"Voices of the dead!" he murmured half aloud. "I should have learned wisdom from you all long ago! What have the great geniuses of the world lived for? For what purpose did they use their brains and pens? Simply to teach mankind the folly of too much faith! Yet we continue to delude ourselves—and the worst of it is that we do it wilfully and knowingly. We are perfectly aware that when we trust, we shall be deceived—yet we trust on! Even I—old and frail and about to die—cannot rid myself of a belief in God, and in the ultimate happiness of each man's destiny. And yet, so far as my own experience serves me, I have nothing to go upon—absolutely nothing!"

He gave an unconscious gesture—half of scorn, half of despair—and paced the room slowly up and down.

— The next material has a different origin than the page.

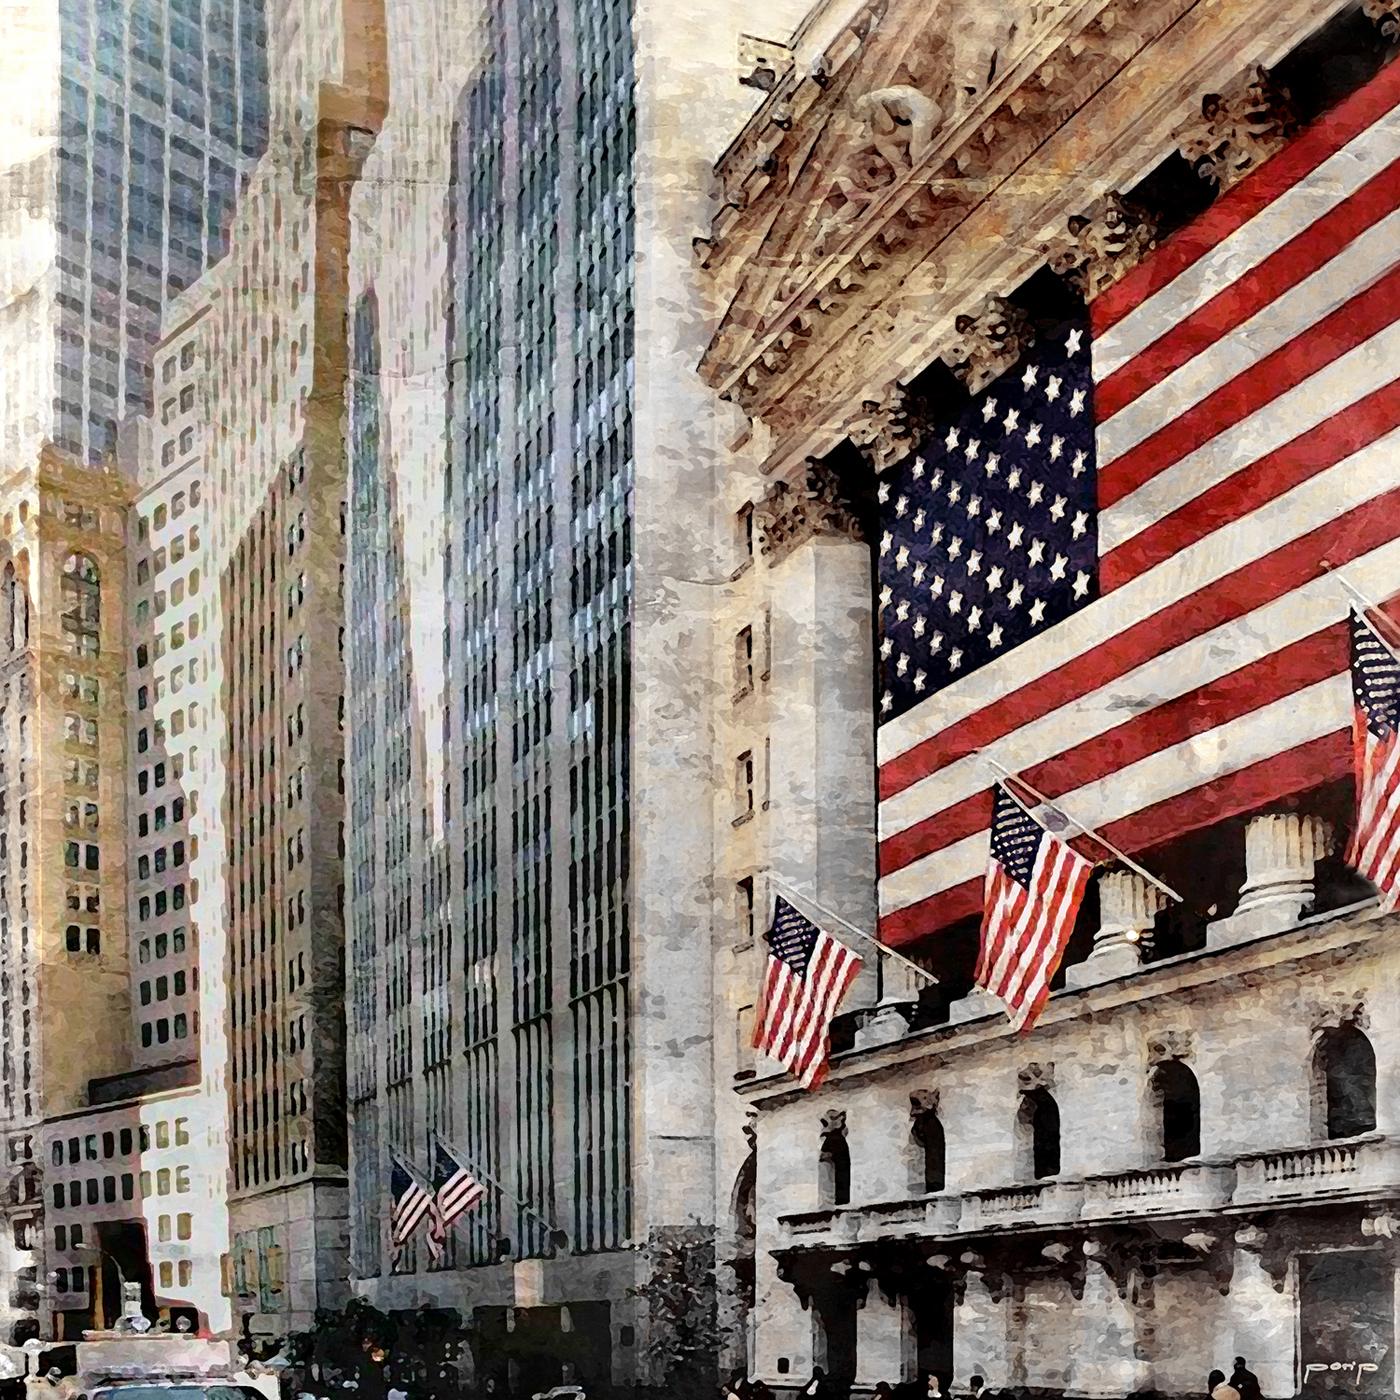 NYC-Wallstreet 3  –  70 x 70 cm

A life of toil—a life rounding into worldly success, but blank of all love and heart's comfort—was this to be the only conclusion to his career? Of what use, then, was it to have lived at all?

"People talk foolishly of a 'declining birth-rate,'" he went on; "yet if, according to the modern scientist, all civilisations are only so much output of wasted human energy, doomed to pass into utter oblivion, and human beings only live but to die and there an end, of what avail is it to be born at all? Surely it is but wanton cruelty to take upon ourselves the responsibility of continuing a race whose only consummation is rottenness in unremembered graves!"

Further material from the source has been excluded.